Commonly, bias analysis is performed using a single set of parameter estimates, such as the sensitivity of exposure recall in cases vs. controls (2). These parameters can be derived from internal validation data or from a related external validation study (6). Alternatively, multiple sets of parameter estimates can be used, creating an array of bias-corrected measures of association (2). An extension of these kinds of sensitivity analyses is probabilistic bias analysis (7, 8, 9). Here we applied probabilistic bias analysis, with Monte Carlo sampling techniques, to a type of regression model that is increasingly used in perinatal epidemiology—Cox regression with a time-varying dichotomous exposure (10, 11, 12, 13, 14, 15). We investigated the association between influenza vaccination during pregnancy and preterm birth; previous studies on this topic have not taken into consideration the effect of inaccurate classification of influenza vaccination (16, 17, 18, 19).
The Slone Birth Defects Study (BDS) is an on-going case-control study conducted by the Slone Epidemiology Center since 1976. Cases include fetuses/infants diagnosed with at least one major structural malformation. Controls include live-born infants without any malformations. For the study years included in the current analysis (see below), malformed infants and a random sample of non-malformed infants were selected each month from study hospitals serving the areas surrounding Philadelphia and San Diego, as well as New Hampshire, Rhode Island, and (via the New York State Congenital Malformations Registry) parts of New York State. In Massachusetts, cases were identified through its statewide birth defect registry and controls from a population-based random sample of births. The BDS has been approved by the Institutional Review Boards of Boston University and relevant participating hospitals and centers.
Mothers of cases and controls were interviewed by telephone within 6 months of pregnancy completion about demographic, reproductive, medical and behavioral factors before and during pregnancy. All participants were asked to release their obstetric medical record so that key pregnancy variables, such as gestational age, could be verified.
Beginning in September 2006, mothers were asked if they received any vaccines “such as tetanus, pertussis, whooping cough, meningitis, flu shot or any other vaccine” during the period two months before the start of their last menstrual period (LMP) through the end of their pregnancy. The type and date of vaccination were ascertained, as well the setting where the vaccine was administered. If the exact date of vaccination was not known, the respondent was asked if it was the beginning, middle or end of the month and the 5th, 15th or 25th day of that month was recorded, respectively. Women who were only able to specify a more general range of dates were assigned the mid-point of these dates as their date of vaccination. Data collection beginning in September 2009 was conducted as part of the Vaccines and Medications in Pregnancy Surveillance System (VAMPSS) program (20).
Women who reported receiving an influenza vaccination during pregnancy were asked to release their vaccination record, allowing study staff to contact the vaccine provider for more details, such as the date of vaccination.
Preterm birth was defined as delivery at a gestational age less than 37 weeks (<259 days).
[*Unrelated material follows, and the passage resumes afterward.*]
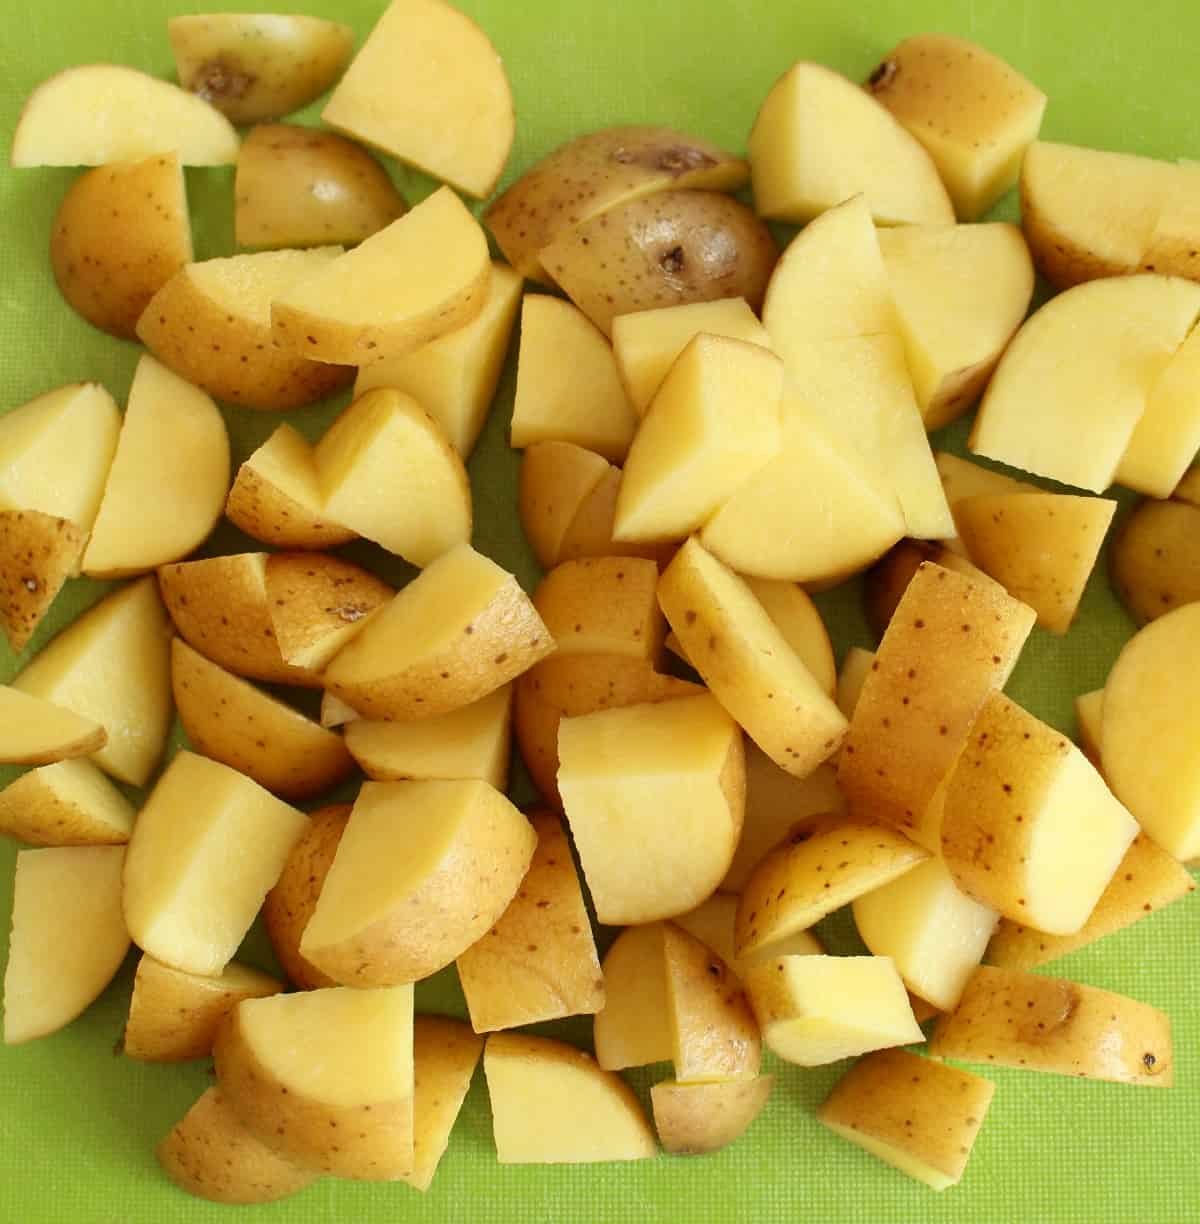 Diced potatoes on a green cutting board.
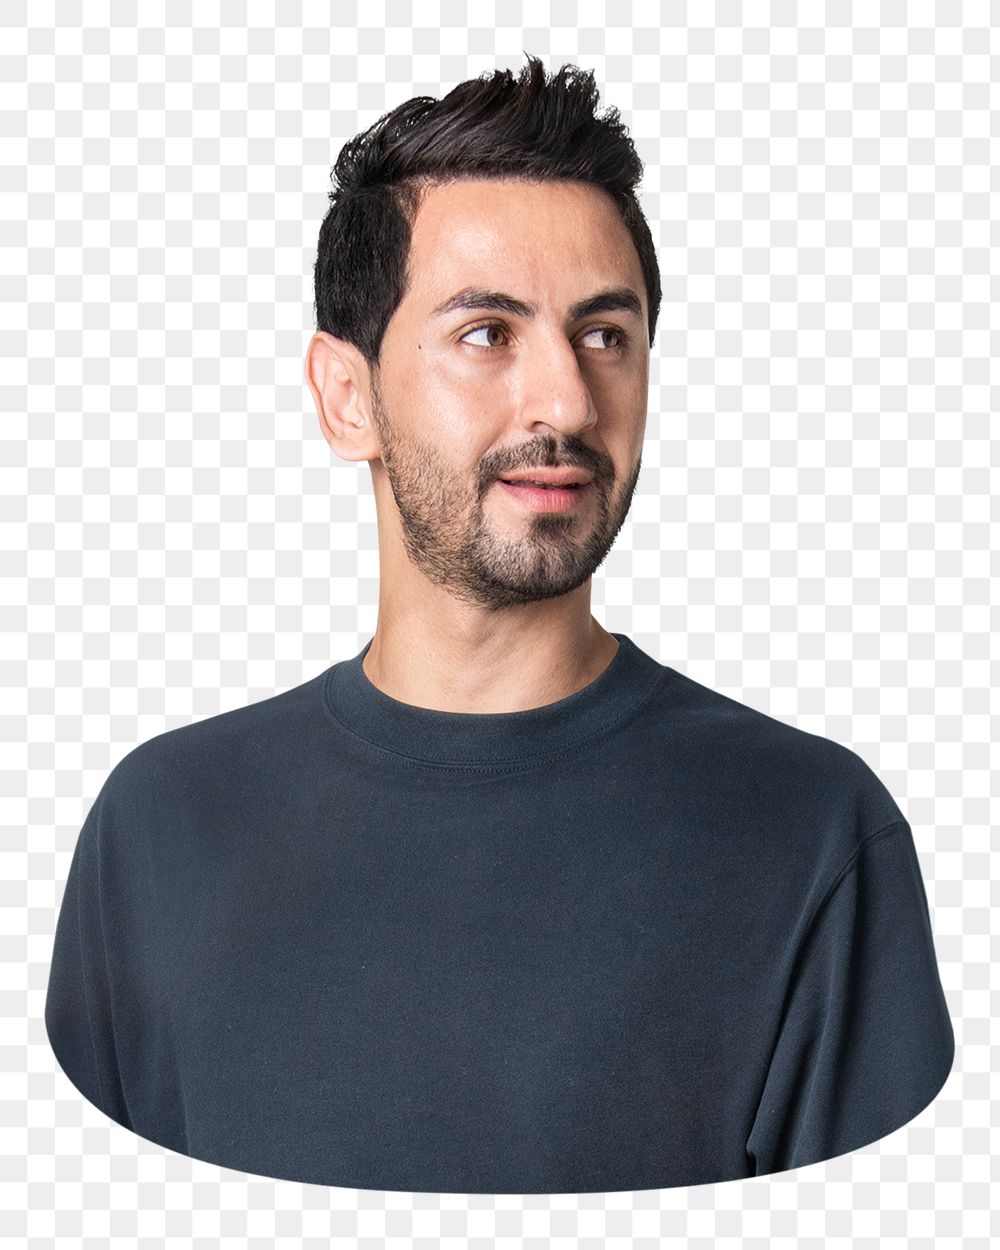 Men's casual wear png sticker, transparent background

Gestational age was determined using the difference between the actual delivery date and the estimated due date based on the mother’s report. Almost all (94%) of mothers provided due dates as determined by ultrasound; the remaining due dates were calculated by adding 280 days to the start of their reported LMP.
Any influenza vaccination during pregnancy was determined by first examining the vaccination record dates available and then, if those were not available, the self-reported vaccination dates. Women were classified as exposed if their influenza vaccination date fell between their LMP and 37 weeks’ gestation. Women reporting vaccinations after 37 weeks, when there was no longer a risk of preterm birth, were classified as unexposed. Only reports of seasonal influenza vaccination were considered in exposure determination.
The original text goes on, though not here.